Tom was then led away by police officers to a tent nearby, where he was subjected to persistent questioning and his bag was searched. He was then told to take off his clothes and squat before the officers. No drugs were found on him, as he didn't have any.
"It's anxiety provoking. I know a lot of people who avoid major parties like that because of the sniffer dogs, even if they're not planning on taking any drugs," Tom said. "If you have drugs or not, there's still the potential there to take you off and subject you to that humiliating experience."
But the LGBTQI community is not the only marginalized group to be targeted by the NSW Police Dog Unit.
Last year, NSW Greens MP David Shoebridge obtained figures from the NSW Police Minister outlining that in 2013 17,746 people were searched by police after being indicated by dogs. And of these searches 64 to 72 percent were false indications, where no drugs were found. In cases where drugs were found most were of small amounts for personal use, with only 2.44 percent of positive searches resulting in a supply conviction.
"There are people being heavily over policed by the use of drug dogs. A passenger getting off at Redfern station is six and a half times more likely to be searched than a passenger getting off at Central. What distinguishes those populations is that Redfern has a very large Aboriginal population and a large young student population," Shoebridge said. "Redfern is over policed. They've got a higher false positive rate and a lower detection rate."
Ray Jackson, president of the Indigenous Social Justice Association, said Redfern station is the most heavily searched area by drug dogs in Sydney. And while there are a lot of university students, the police mainly target Aboriginal people, especially the youth. "The coppers use this as a tool to further harass people. There have been instances where they've been taken from Redfern station over to the police station and they've been stripped searched and nothing is generally found. So I don't know why they continue to do it," he said.
Jackson, a Wiradjuri man, explained police are also conducting dog searches in and around the Department of Housing blocks in nearby Waterloo. Tenants, visitors, and tradespeople are all subject to being searched and this is terrifying some of the older tenants.
Over the last three years, the largest expansion of drug dog operations has been the NSW Police Transport Command, who patrol the City Rail network. These searches have resulted in an 80 percent false positive rate. According to Will Tregoning, director of harm reduction organization Unharm, these searches are more likely to target people from a lower socioeconomic background, who have more tendency to be using public transport.
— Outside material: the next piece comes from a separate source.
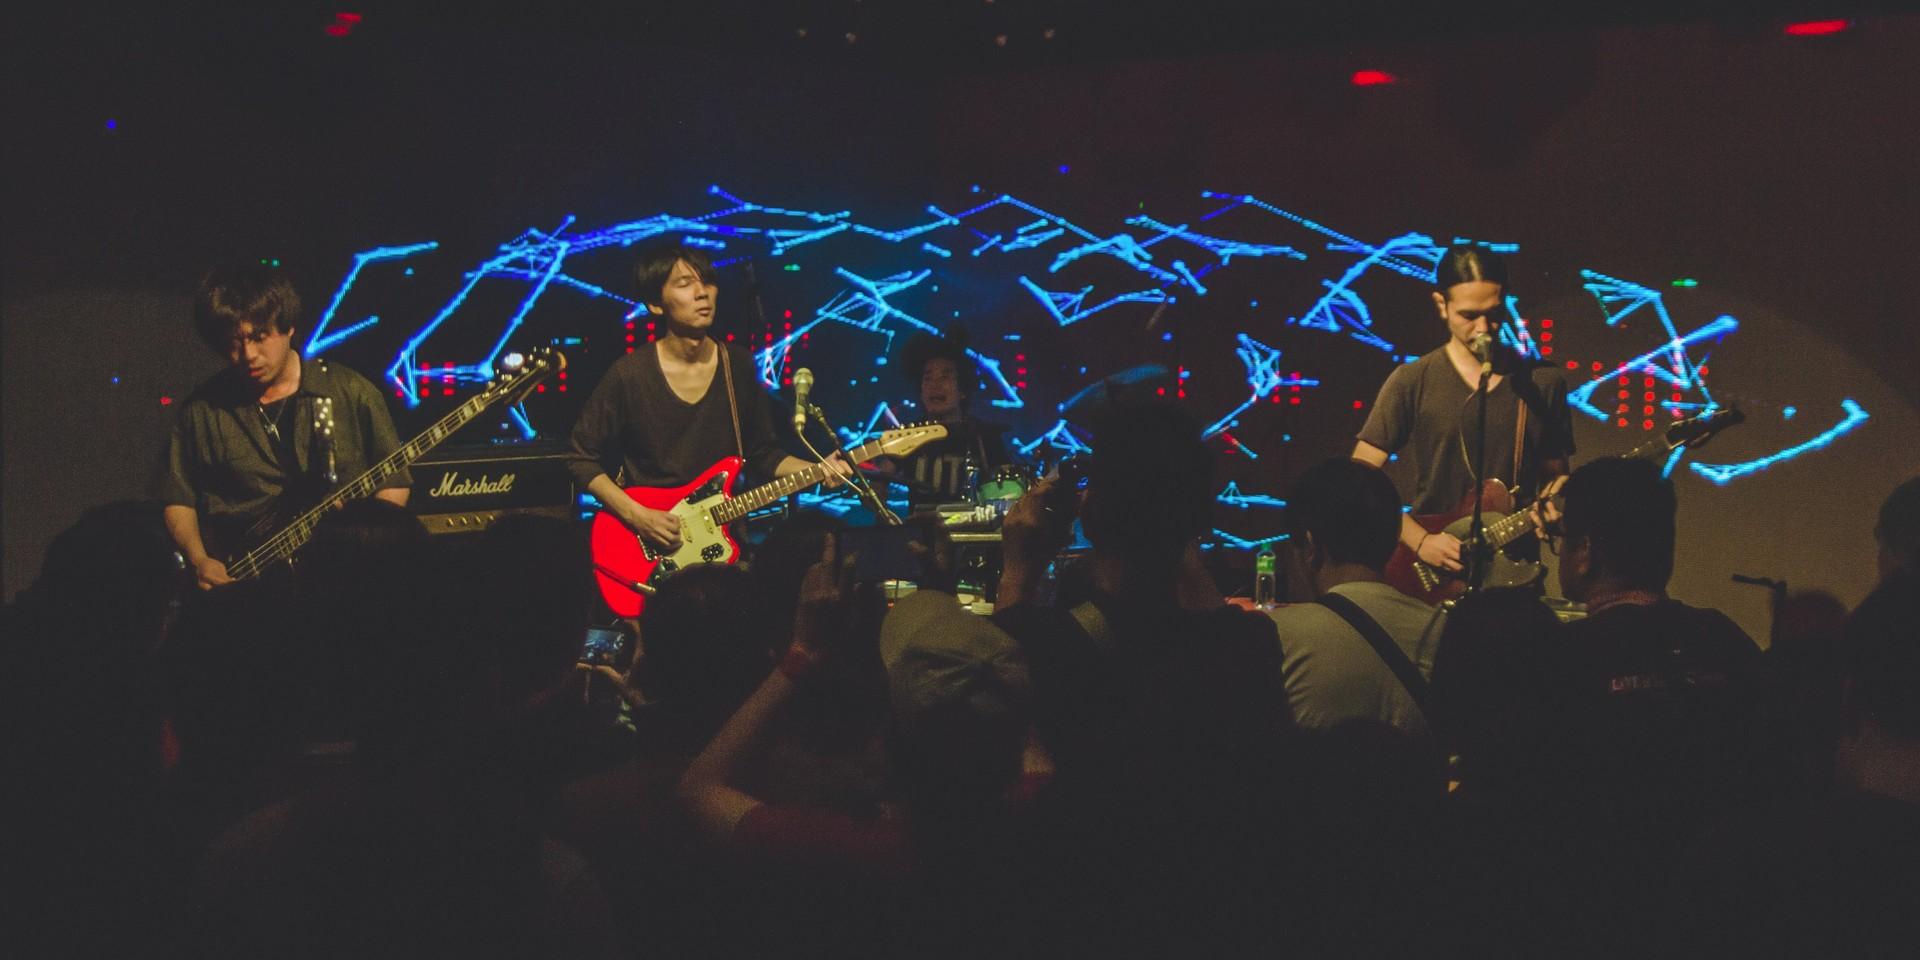 PHOTO GALLERY: LITE Live in Manila

"Someone sees the drug dog operation and takes all their drugs at once in order to avoid detection, which was clearly implicated in the death of James Munro at Defqon 1 in 2013." - Will Tregoning
Drug dog operations are also commonly carried out at music festivals and dance parties, with accounts of up to six dogs being deployed at one event, accompanied by 50 to 60 officers. Tregoning warns that such operations rarely deter attendees from taking illicit drugs but more often have other effects that increase the risk of overdose.
"Preloading, taking all your drugs before you go to an event in order to avoid detection, is very risky behavior," he told VICE, going on to outline the risk of panic-based overdose. "Someone sees the drug dog operation and takes all their drugs at once in order to avoid detection, which was clearly implicated in the death of James Munro at Defqon 1 in 2013."
Further adverse effects are instances where people swallow bags containing drugs, which can subsequently burst. Others may switch to less detectable substances, which can lead to people moving away from relatively harmless drugs such as marijuana to substances such as GHB, which is potentially more harmful.
A spokesperson for NSW Police told VICE that the Dog Unit deploys dogs when requested by local area and specialist commands for operations at public events, on the public transport network and at licensed premises.
"Drug detection dogs are effective at identifying the presence of odor of prohibited drugs," the spokesperson said. "Drugs are a major contributing factor to crime across NSW, therefore any and all efforts by NSW Police to detect prohibited drugs is worthwhile."
But Shoebridge believes drug dog operations are being conducted so that police and the government can be seen to be taking effective action against drugs, in order to appease certain segments of the community.
This last summer season of music festivals has been notable for large scale drug dog operations. The standard operating procedures for NSW Police outline that every dog deployed at an event must be accompanied by 12 officers. Shoebridge feels this is an extraordinary misallocation of police resources that could be better directed to public safety in other areas where it is needed.